Offensichtlichster Ausdruck für diese neue Strategie ist die Einrichtung des neuen AfrikaKommandos der USA-Streitkräfte (Africom) unter Vier-Sterne-General William Ward, das am 1. Oktober 2007 seine Arbeit aufgenommen hat. Die Zentrale ist zunächst in Stuttgart, im USHauptquartier des europäischen Kommandos, angesiedelt worden. Bis Ende 2008 soll das Kommando aber nach Afrika verlegt werden. Als Aufgabenstellung nennt das Pentagon die »Terrorgefahr«, die von zerfallenden Staaten ausgehe. So soll die verstärkte Präsenz von USATruppen in Afrika verhindern, dass »instabile Länder« von Extremisten als Unterschlupf und zum Anwerben von Kämpfern genutzt werden.

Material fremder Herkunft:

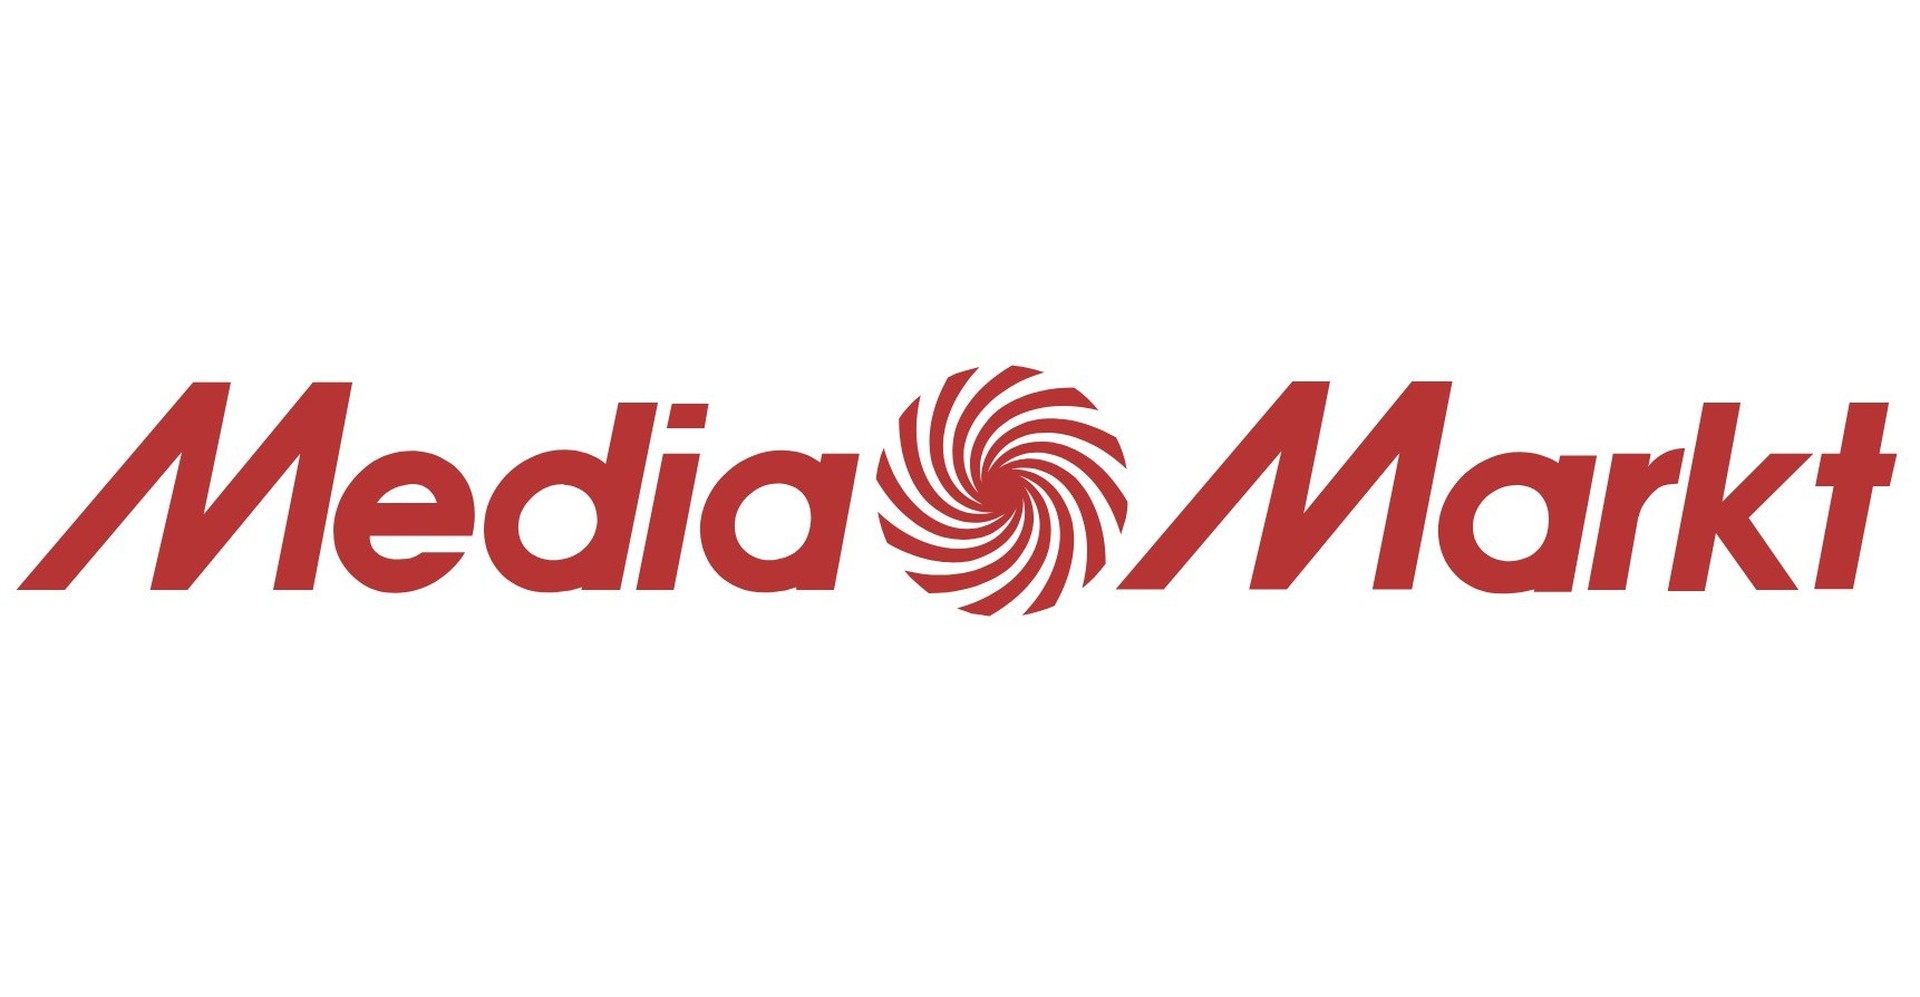 mediamarkt_logo.jpg

In Afrika selbst hat sich das gewachsene Interesse seitens der USA, Chinas und mit Abstand der EU in relativ hohen Wachstumsraten niedergeschlagen Doch bei der Normalbevölkerung kommt davon nichts an. Über 300 Millionen der gut 900 Millionen Afrikaner leben statistisch von weniger als einem US-Dollar pro Tag. An ihnen gehen der Boom und die USA-Strategie komplett vorbei. Bushs Reise wird daran nichts ändern.